** Stored data **
========================================================================
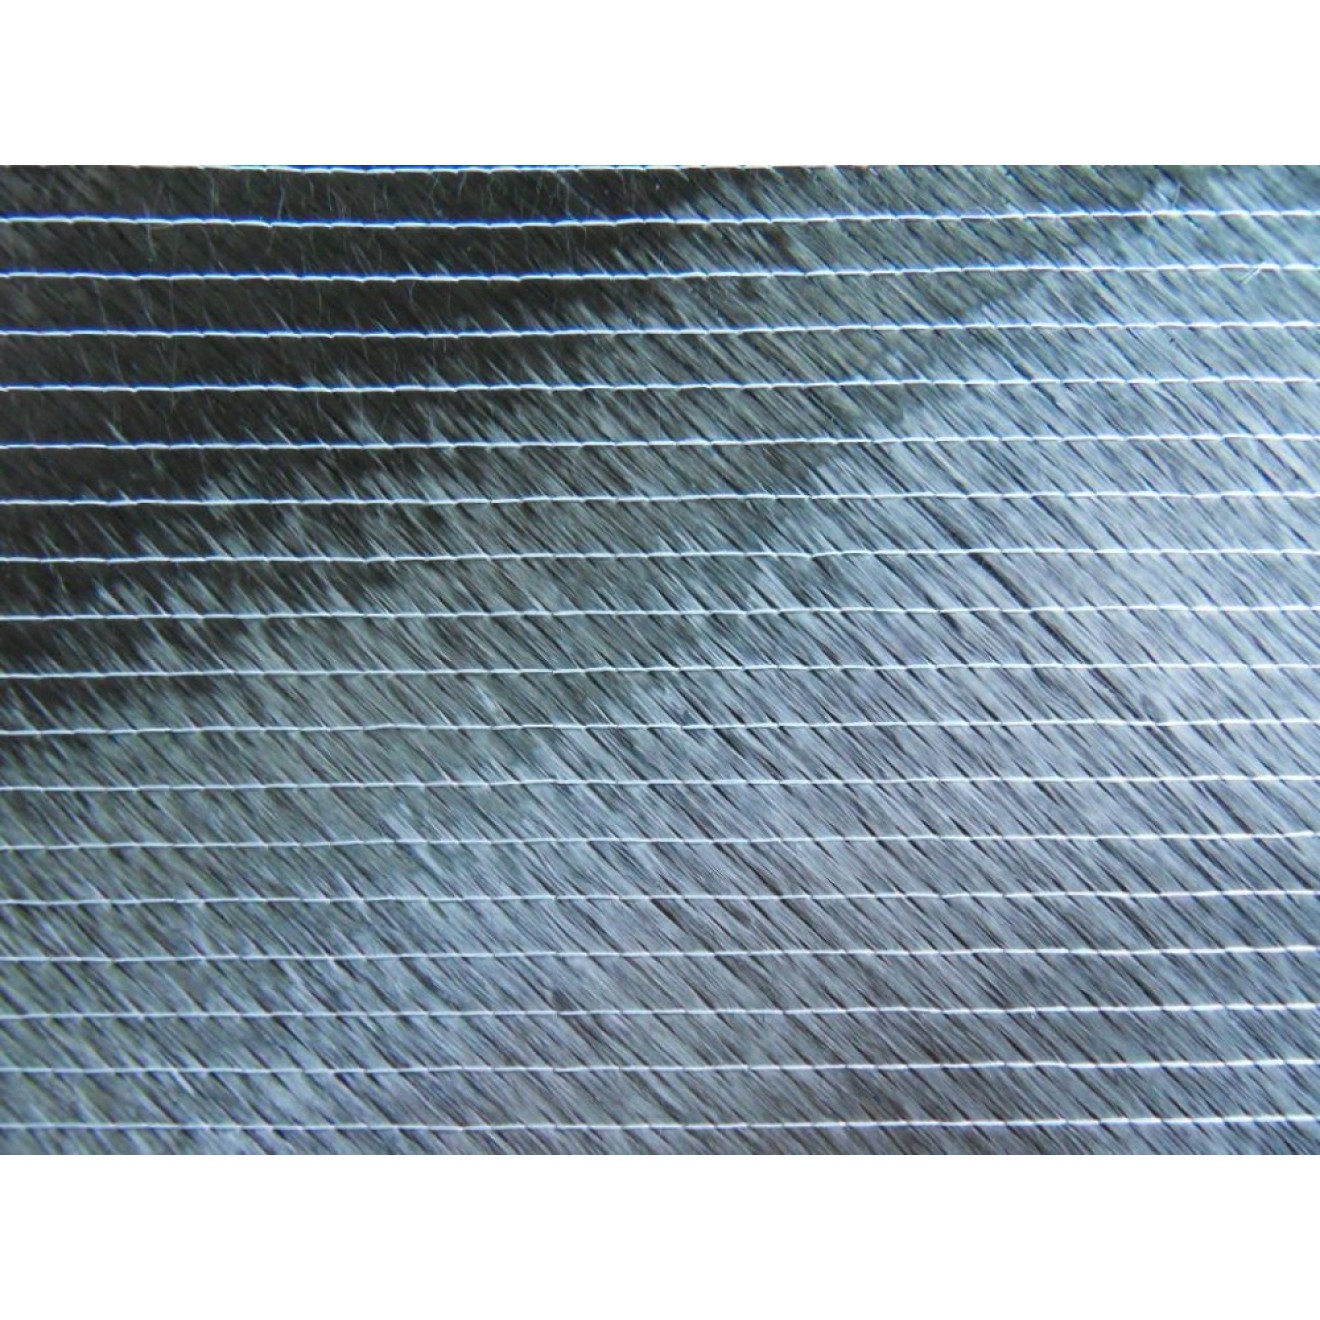 Carbon non-crimp fabric quadraxial 1000g/m2, width 127cm
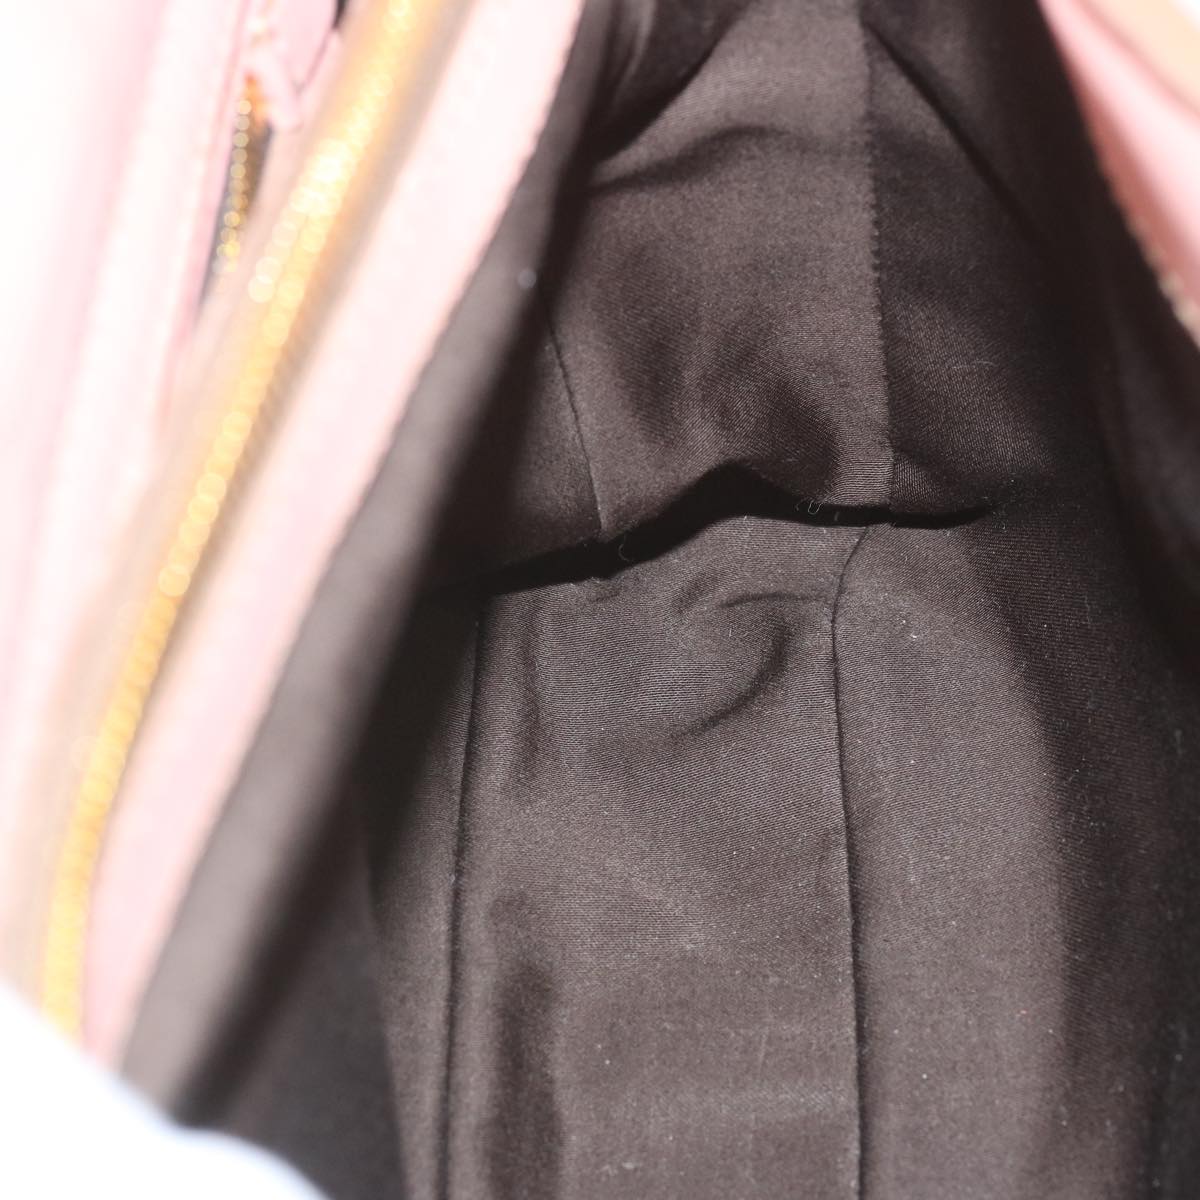 Miu Miu Madras Hand Bag Leather 2way Pink Auth yb528
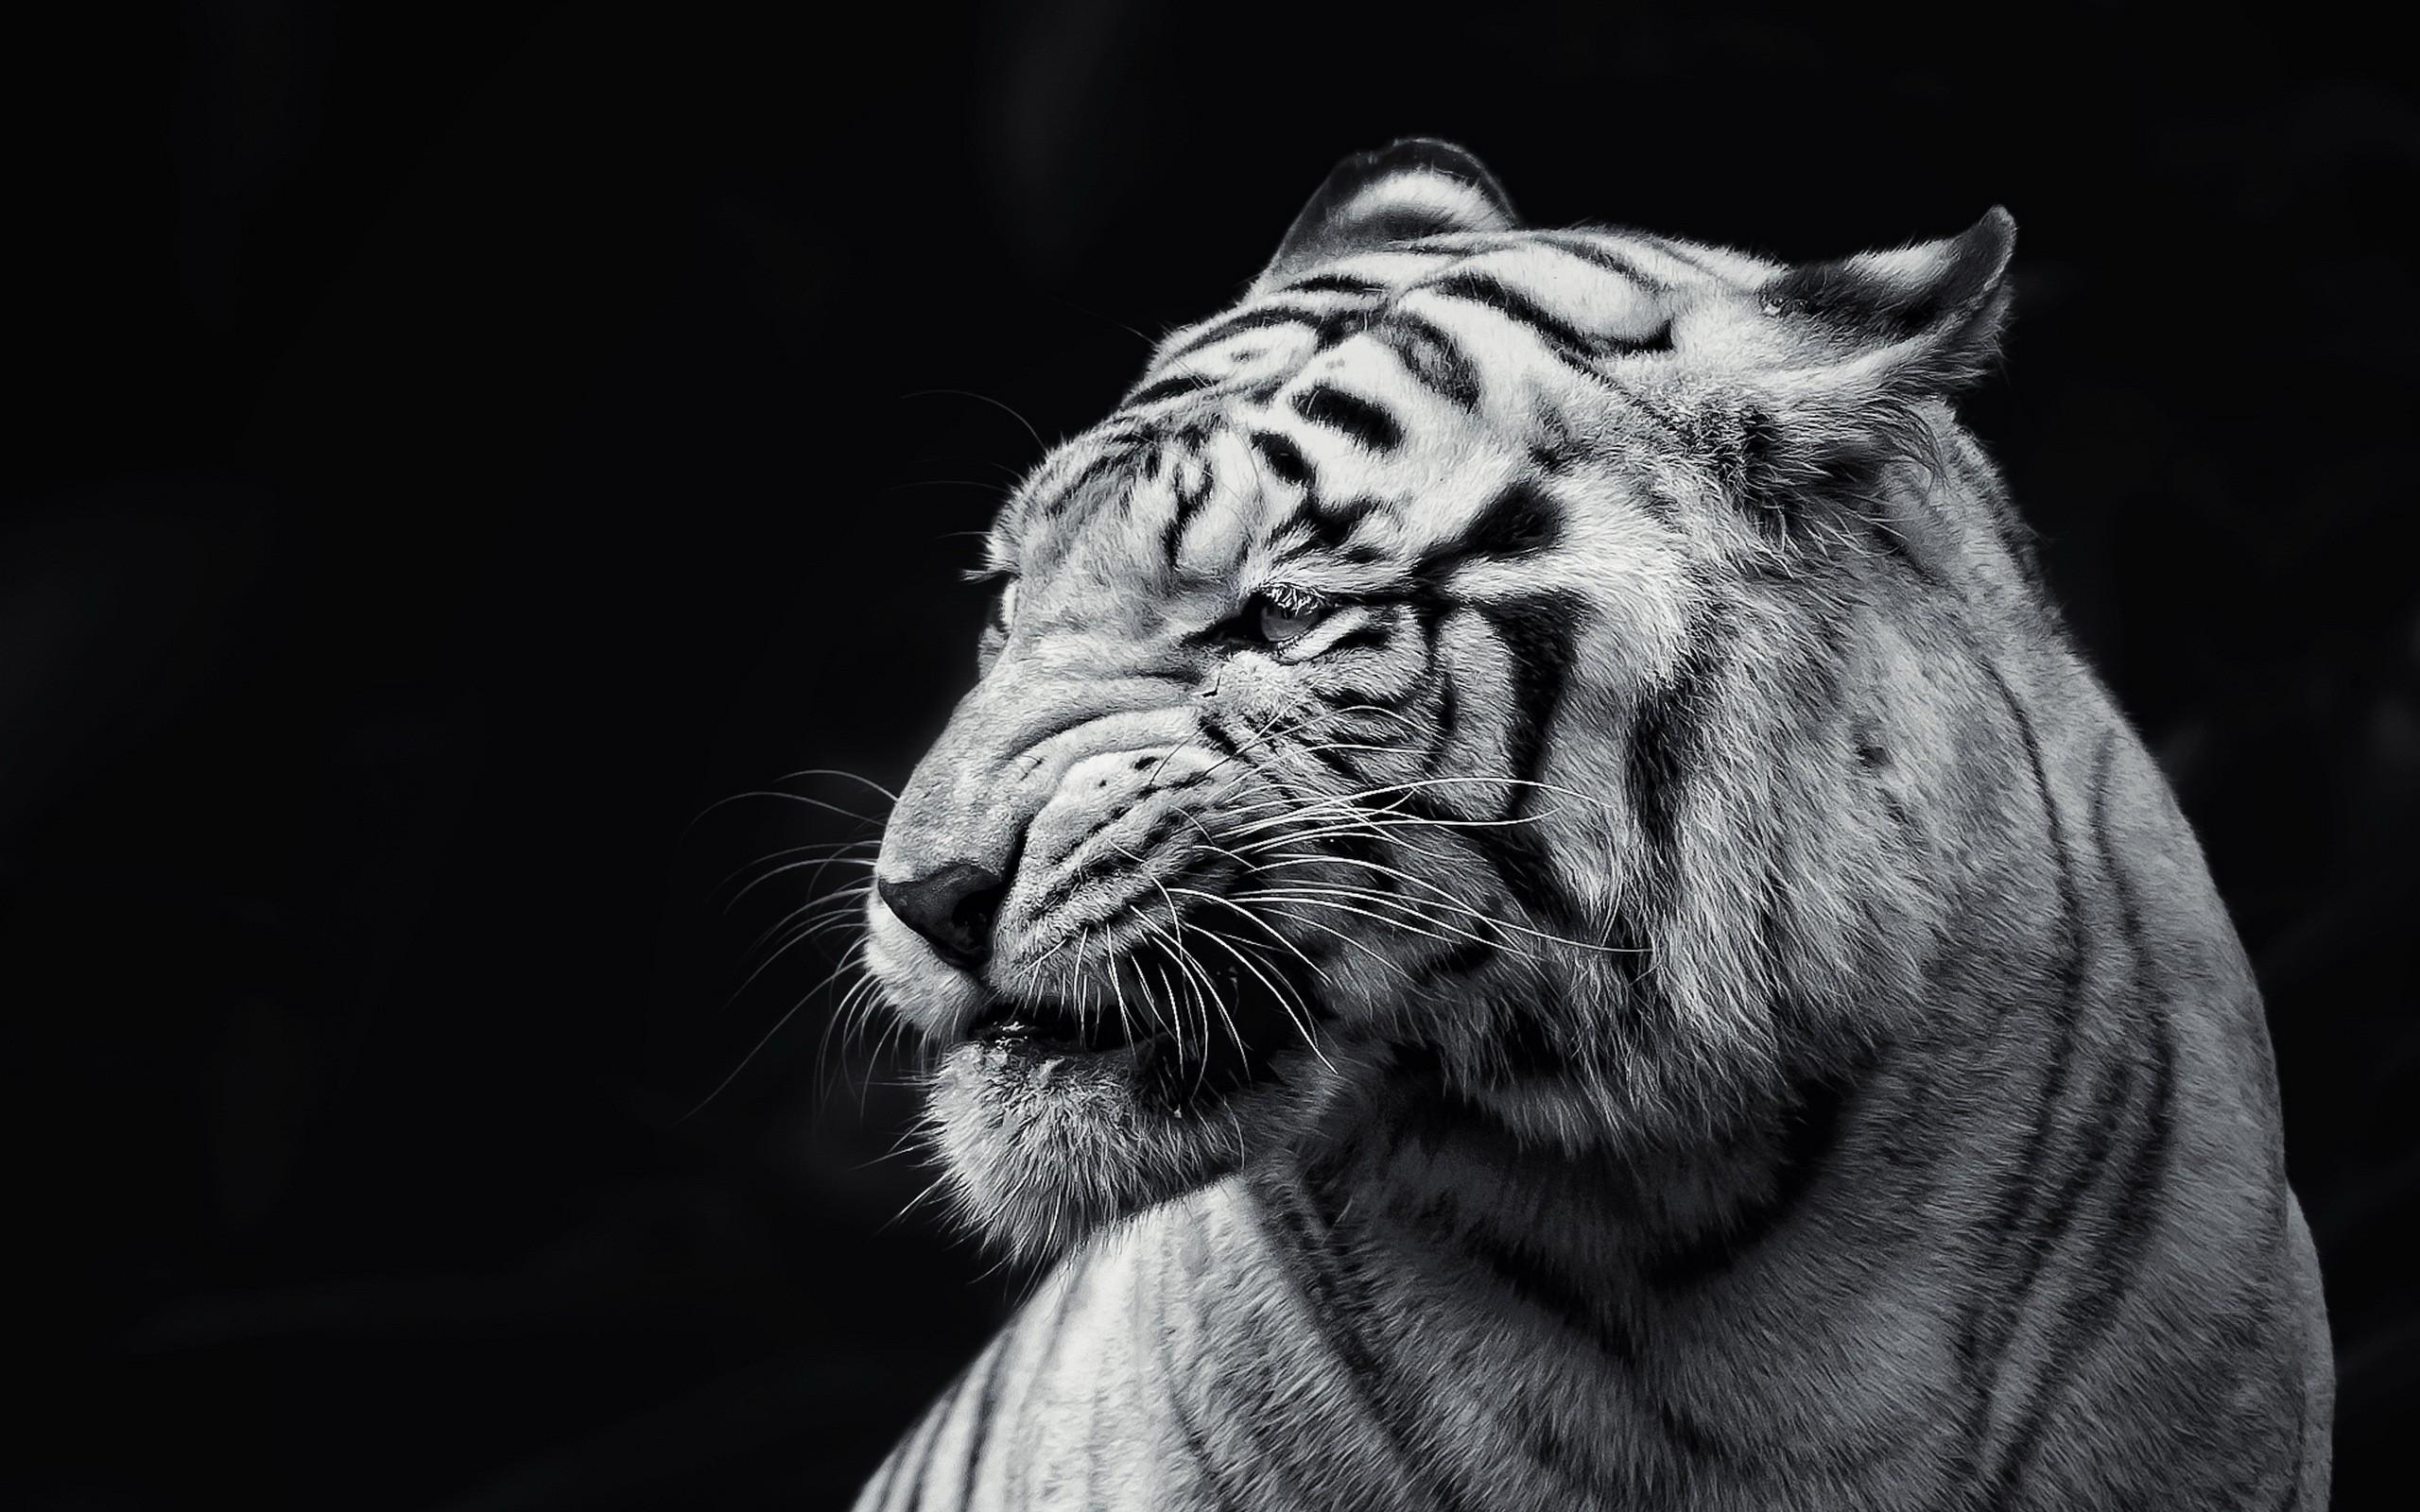 Black And White Tiger Jpg Image Jpeg Pixels
========================================================================
Output the whole listing again, exactly, without its pictures.

 Carbon non-crimp fabric quadraxial 1000g/m2, width 127cm
 Miu Miu Madras Hand Bag Leather 2way Pink Auth yb528
 Black And White Tiger Jpg Image Jpeg Pixels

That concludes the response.